Updated | Fishing boat with 450 migrants is now in Italian SAR

Malta and Italy appear to be heading towards another clash over which country should take in 450 migrants aboard a fishing vessel that departed from Libya • Boat changed course towards Lampedusa and is now in Italian SAR

It appears that people smugglers are once again resorting to wooden fishing boats (File photo)
It appears that people smugglers are once again resorting to wooden fishing boats (File photo)

Updated at 7.10pm

Italian Home Affairs Minister Matteo Salvini says 450 migrants aboard a fishing boat will not find refuge in Italy and insists Malta should take responsibility.

There has been no immediate response from the Maltese government.

The boat was in Malta's search and rescue area heading towards Sicily. But according to the Italy's home affairs ministry, the boat changed direction and has now entered Italian SAR and is heading towards Lampedusa.
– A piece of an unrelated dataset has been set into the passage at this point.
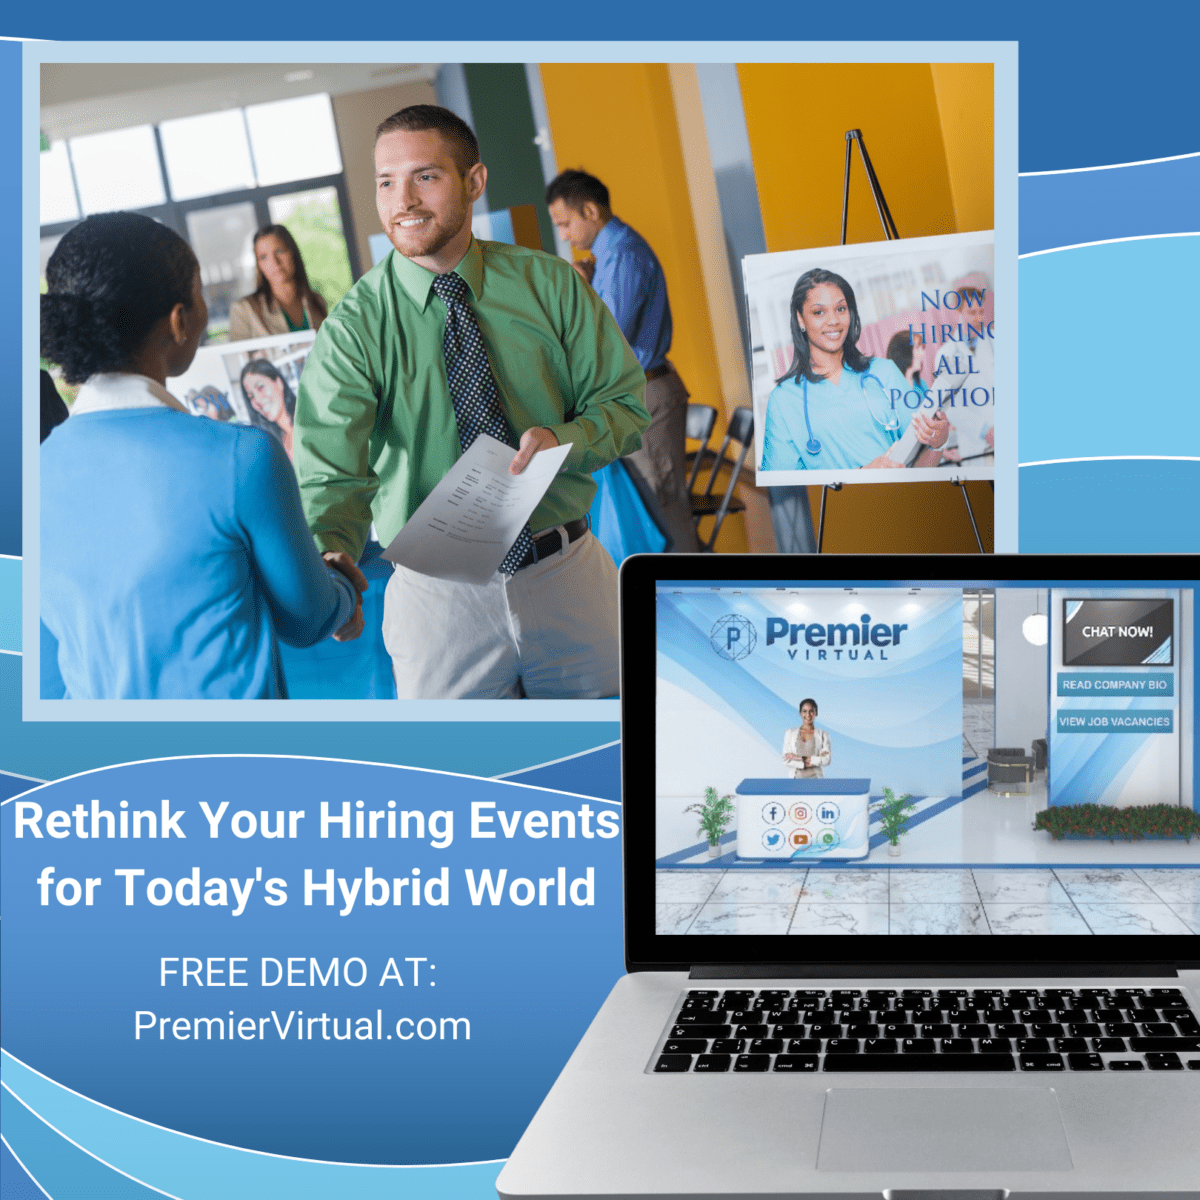 Premier Virtual - Rethink your Hiring Events for Today's Hybrid World

Italian newspaper La Repubblica said the boat is around 20 metres long and probably left from the Libyan coastal town of Zuwara to the west of Tripoli.
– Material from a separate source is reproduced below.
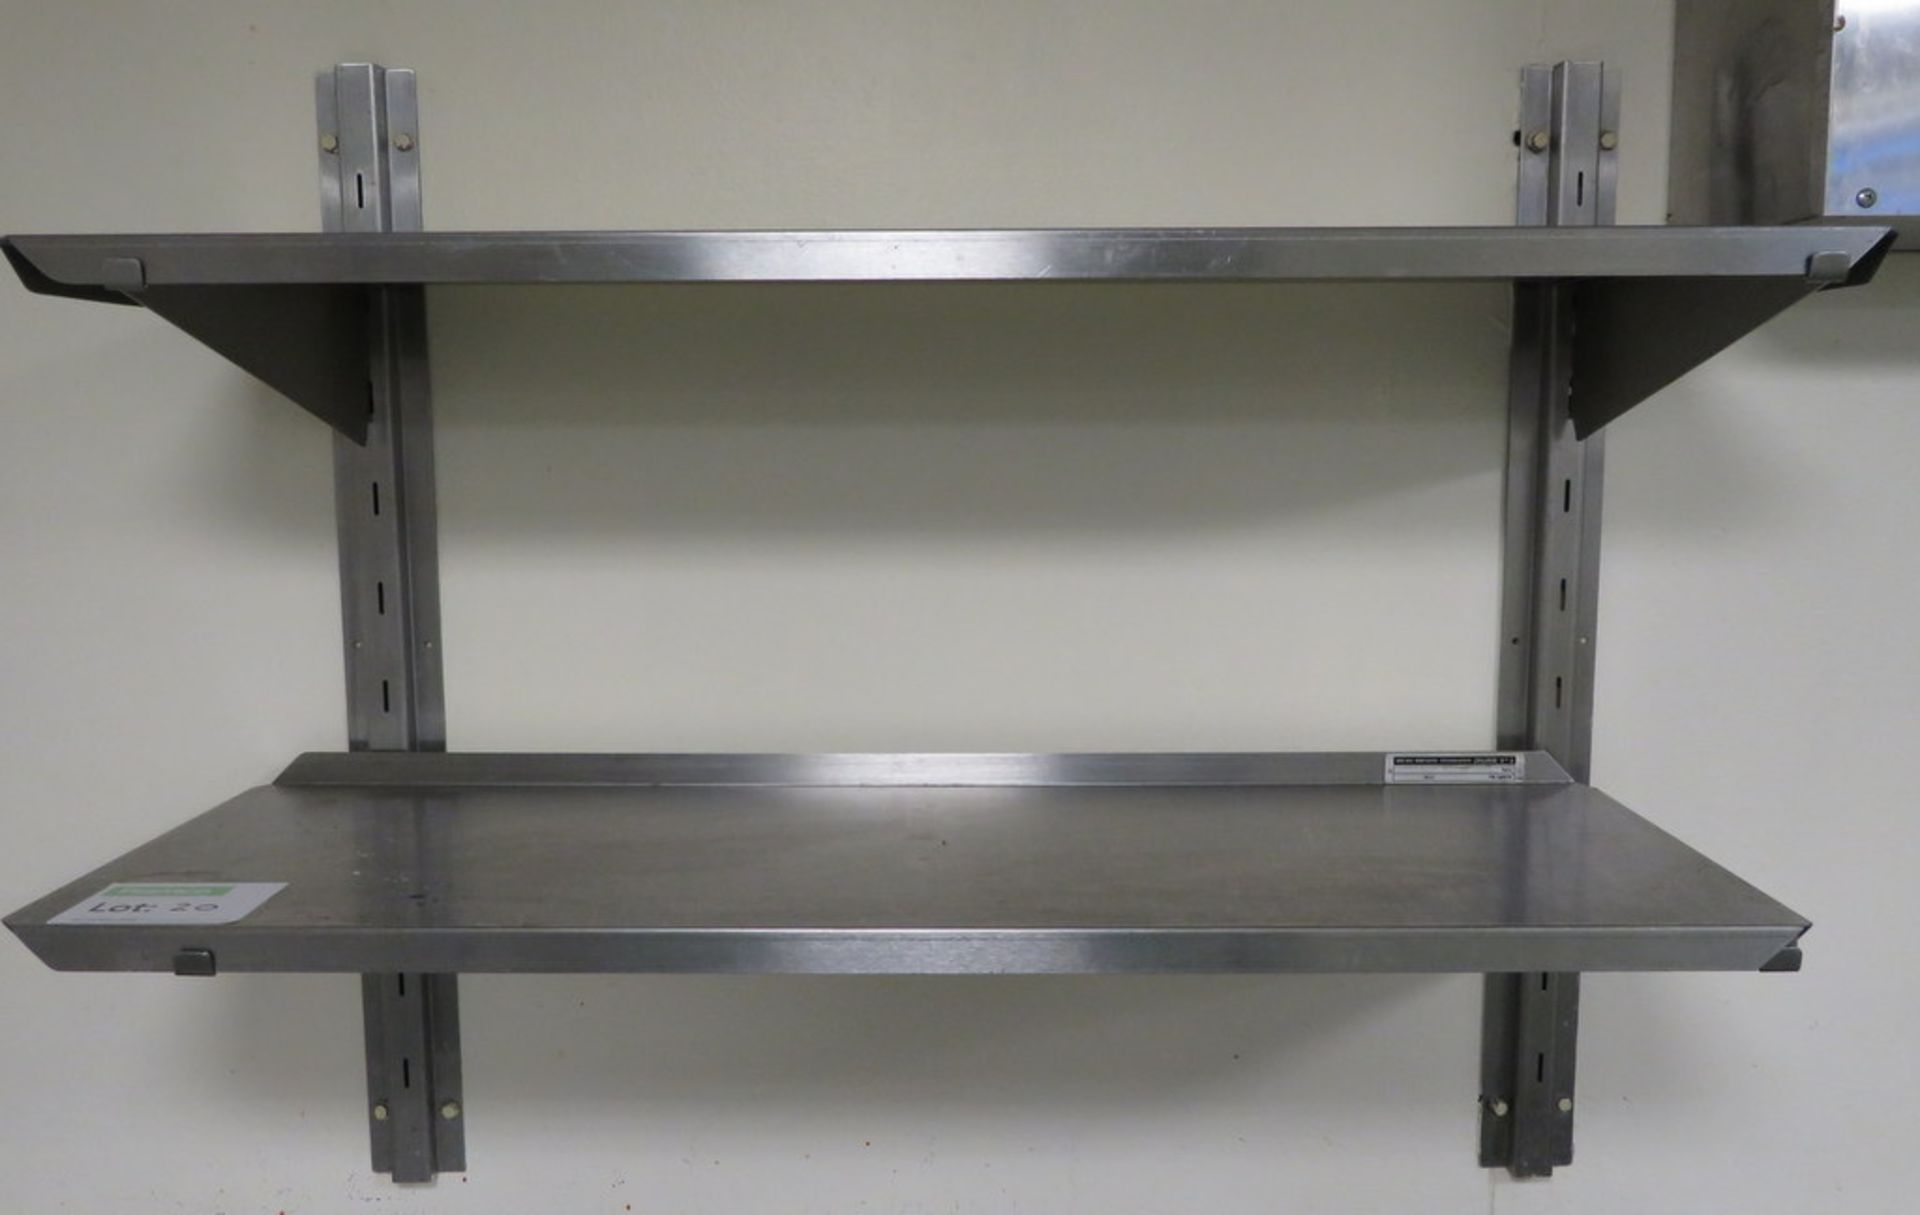 5 X MOFFAT STAINLESS STEEL WALL MOUNTED SHELVES - Image 2 of 4

Salvini said in a tweet that the Maltese authorities were informed of the boat but they did not respond. The fishing vessel is sailing northward.
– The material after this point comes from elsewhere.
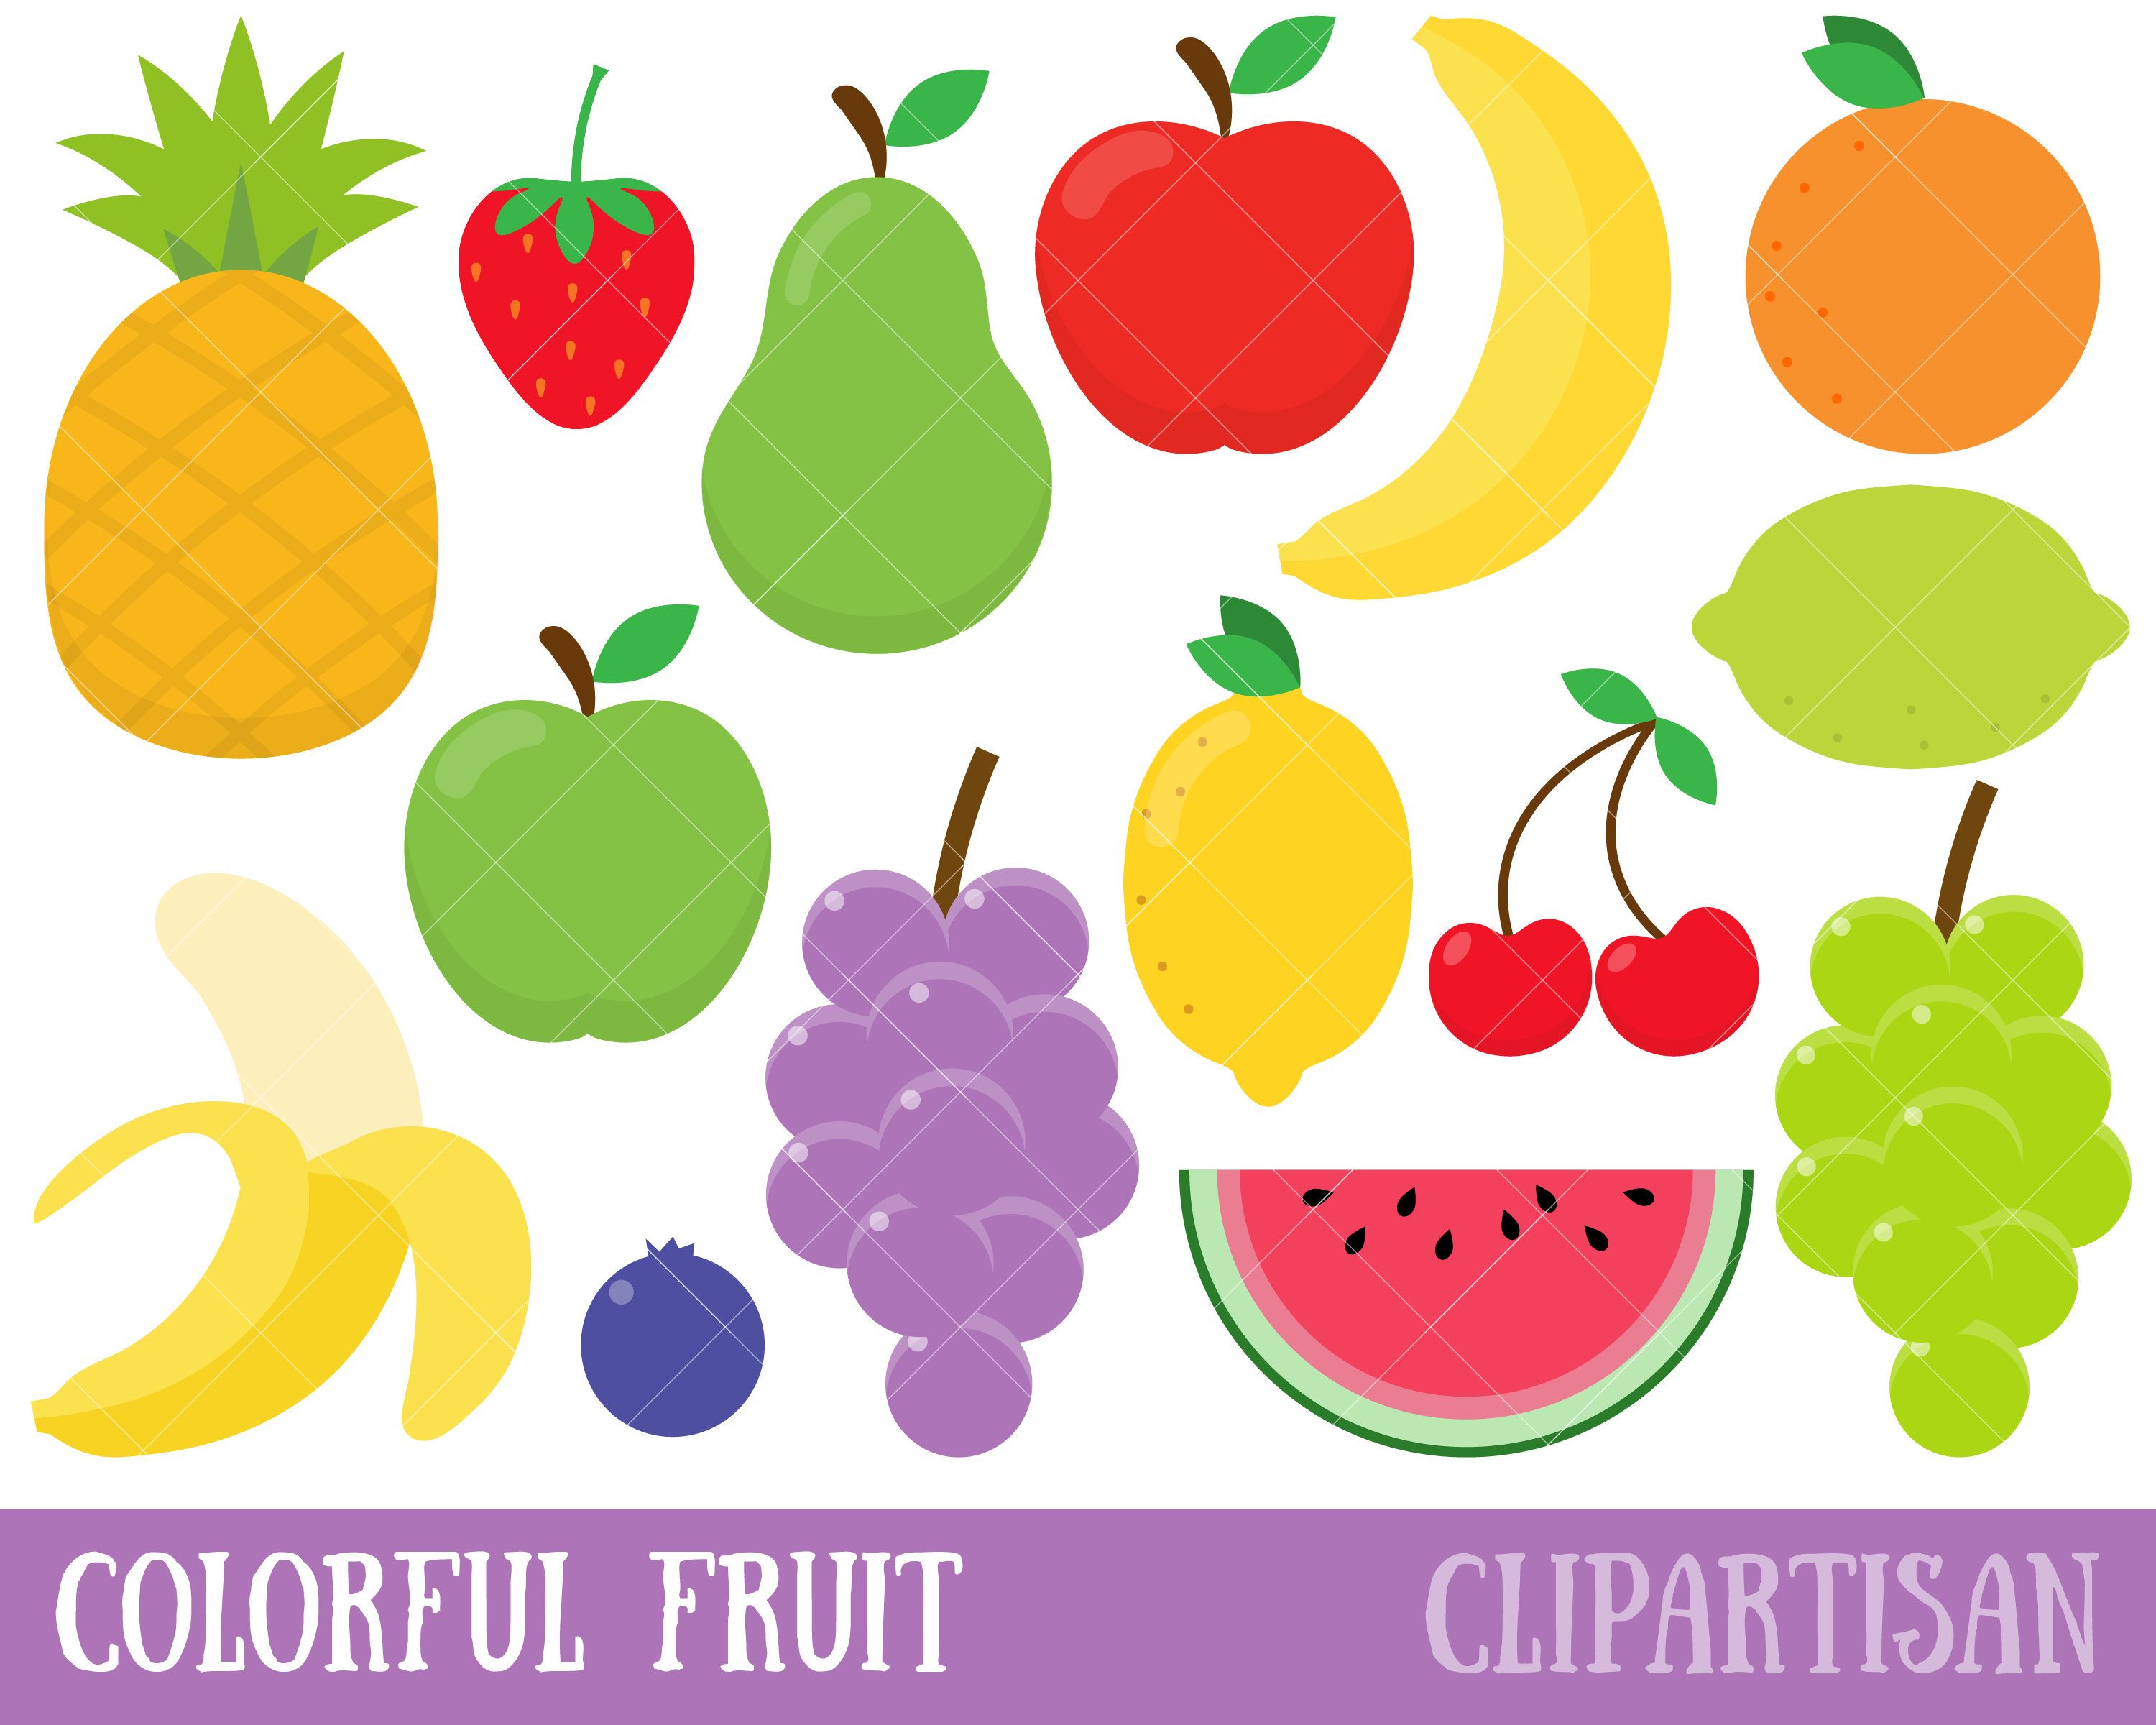 Strawberry watermelon . Clipart fruit collage

Around 60 migrants, including many children, disembarked at Lampedusa between yesterday and today.

Back to fishing boats

The use of a fishing boat appears to be a new trend adopted by people smugglers in Libya in response to the stoppage of sea rescues by NGOs.

Malta and Italy have stopped rescue NGOs from using their ports, amid accusations that they are aiding people smugglers by patrolling the seas just off Libya’s coastline. NGOs deny this, insisting their only interest is to save lives at sea.

These boats, mostly made of wood, had been used in the past to smuggle people to European shores from Libya. Most of the time they are overcrowded and not in a good shape but sturdier than the rubber dinghies of recent years.

The use of wooden boats means that migrants are expected to go further out to sea, in the hope that they reach Lampedusa or Malta on their own steam.